Security researchers are examining newly discovered Mac ransomware samples from the notorious gang LockBit, marking the first known example of a prominent ransomware group toying with macOS versions of its malware.
Ransomware is a pervasive threat, but attackers typically don’t bother creating versions of their malware to target Macs. That’s because Apple’s computers, while popular, are much less prevalent than those running Windows, Linux, and other operating systems. Over the years, though, samples of seemingly experimental Mac ransomware have cropped up a couple of times, creating a sense that the risk could escalate at any moment.
Spotted by MalwareHunterTeam, the samples of ransomware encryptors seem to have first cropped up in the malware analysis repository VirusTotal in November and December 2022, but went unnoticed until yesterday. LockBit seems to have created both a version of the encryptor targeting newer Macs running Apple processors and older Macs that ran on Apple’s PowerPC chips.
Researchers say the LockBit Mac ransomware appears to be more of a first foray than anything that’s fully functional and ready to be used. But the tinkering could indicate future plans, especially given that more businesses and institutions have been incorporating Macs, which could make it more appealing for ransomware attackers to invest time and resources so they can target Apple computers.
“It’s unsurprising but concerning that a large and successful ransomware group has now set their sights on macOS,” says longtime Mac security researcher and Objective-See Foundation founder Patrick Wardle. “It would be naive to assume that LockBit won’t improve and iterate on this ransomware, potentially creating a more effective and destructive version.”
Apple declined to comment on the findings.
LockBit is a Russia-based ransomware gang that emerged at the end of 2019. The group is most known for its sheer volume of attacks, and for appearing well-organized and being less ostentatious and sophomoric than some of its peers in the cybercriminal landscape. But LockBit isn’t immune from arrogance and public aggression. Notably, it called significant attention to itself in recent months by targeting the United Kingdom’s Royal Mail and a Canadian children’s hospital.
For now, Wardle notes that LockBit’s macOS encryptors seem to be in a very early phase and still have fundamental development issues like crashing on launch. And to create truly effective attack tools, LockBit will need to figure out how to circumvent macOS protections, including validity checks that Apple has added in recent years for running new software on Macs.

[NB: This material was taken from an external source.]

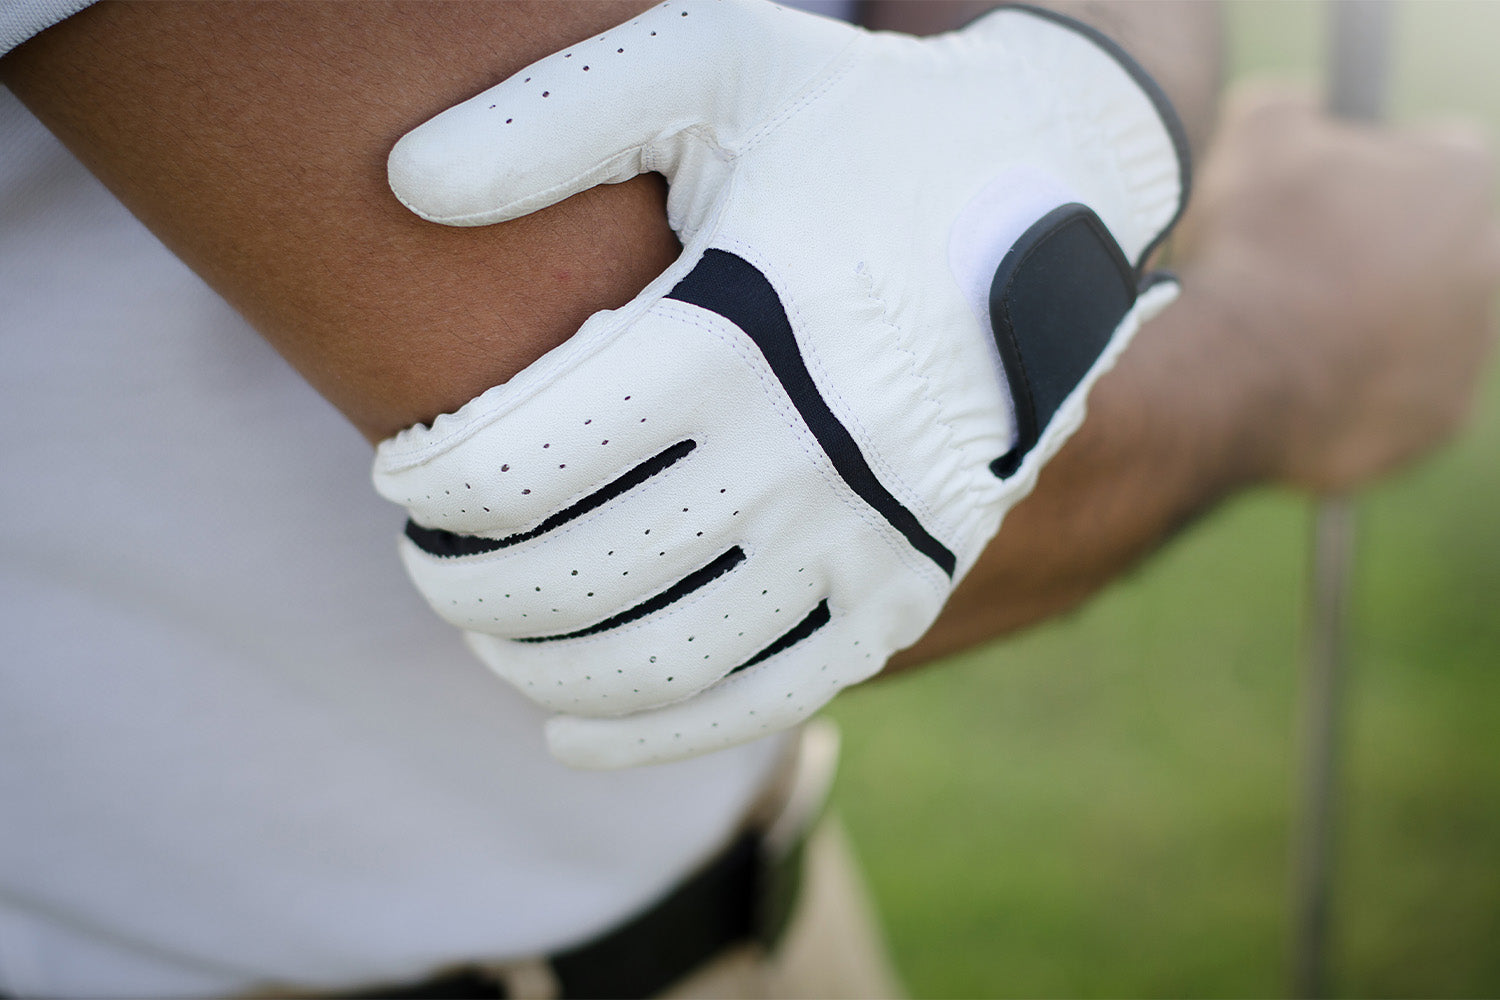 Injury Prevention: 5 Helpful Tips To Avoid Mistakes

“In some sense, Apple is ahead of the threat, as recent versions of macOS ship with a myriad of built-in security mechanisms aimed to directly thwart, or at least reduce the impact of, ransomware attacks,” Wardle says. “However, well-funded ransomware groups will continue to evolve their malicious creations.”

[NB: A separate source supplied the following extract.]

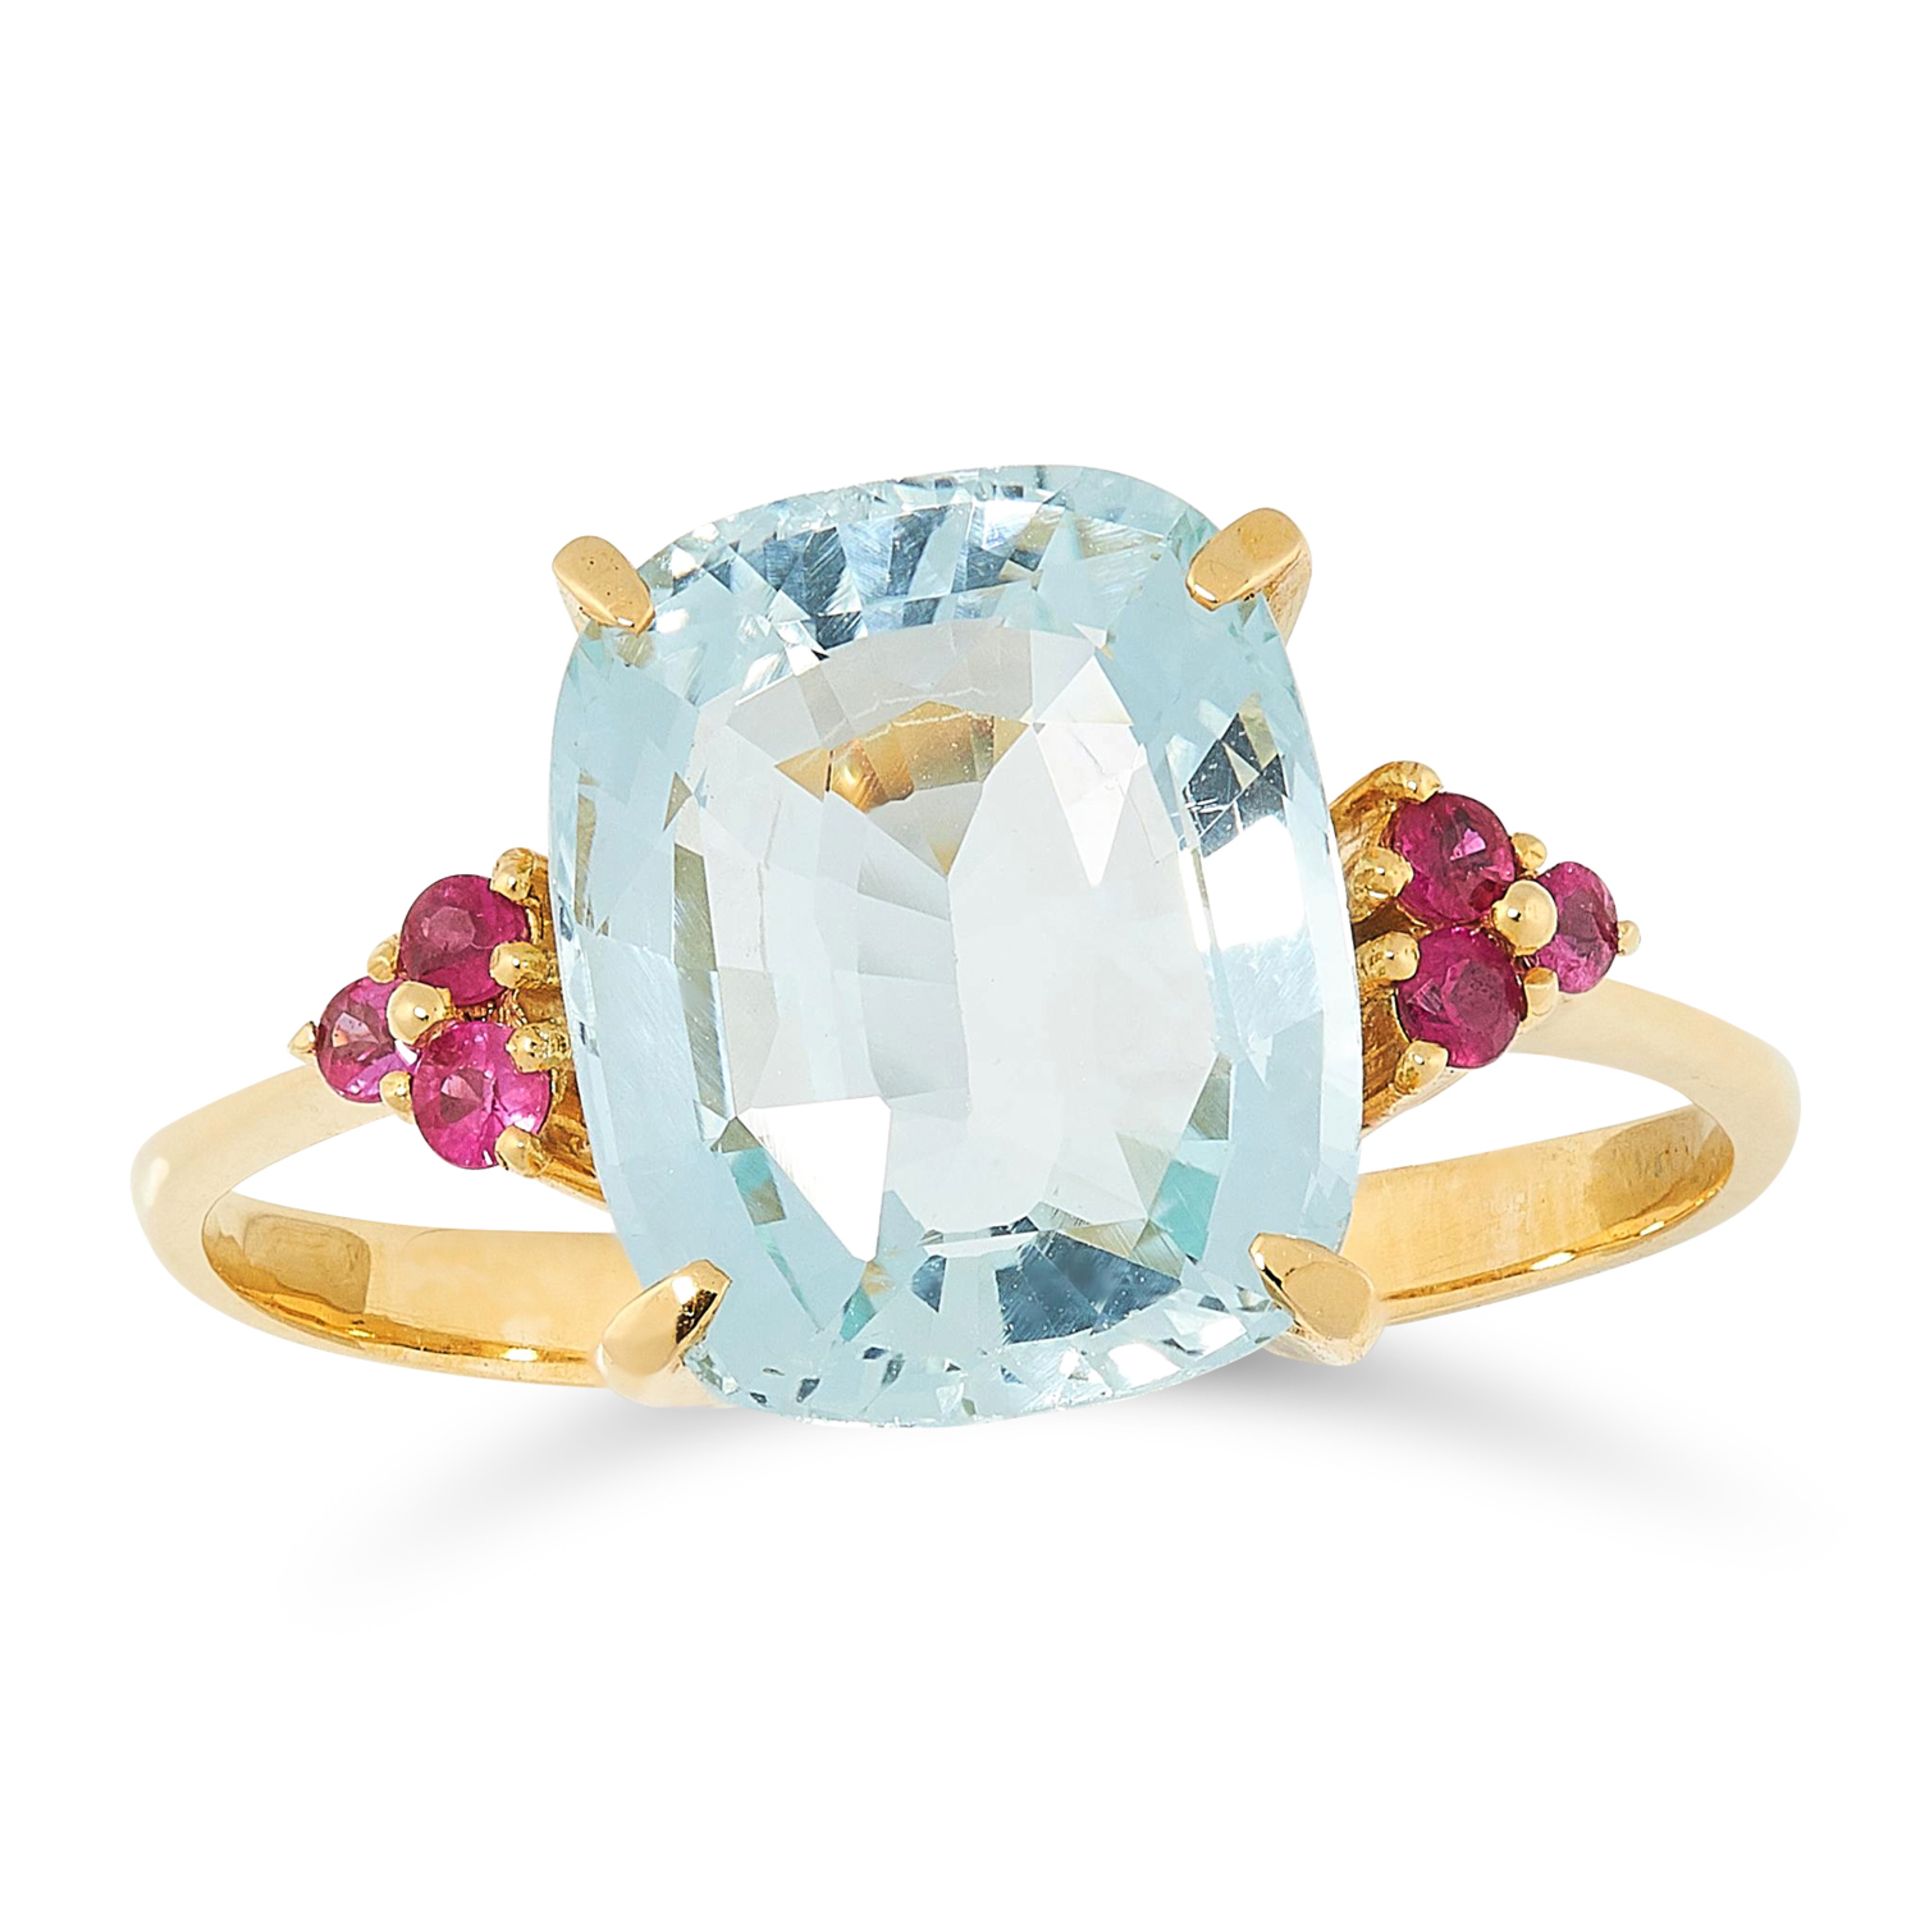 AN AQUAMARINE AND RUBY RING in yellow gold, set with a cushion cut aquamarine between trios of round

Developing Mac ransomware may not be the highest priority on every attacker’s to-do list, but the field is shifting. As law enforcement worldwide pushes to counter attacks, and victims increasingly have input and resources available to avoid paying, ransomware gangs are getting more desperate for new or refined strategies that will help them get paid.

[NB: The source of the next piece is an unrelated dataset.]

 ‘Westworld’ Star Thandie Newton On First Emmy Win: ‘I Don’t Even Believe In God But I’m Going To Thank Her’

“The LockBit encryptor doesn’t look particularly viable in its current form, but I’m definitely going to be keeping an eye on it,” says Thomas Reed, director of Mac and mobile platforms at the antivirus maker Malwarebytes. “The viability may improve in the future. Or it may not, if their tests aren’t promising.”
Still, for ransomware actors looking to generate as much revenue as possible, Macs are a potentially appealing untilled field.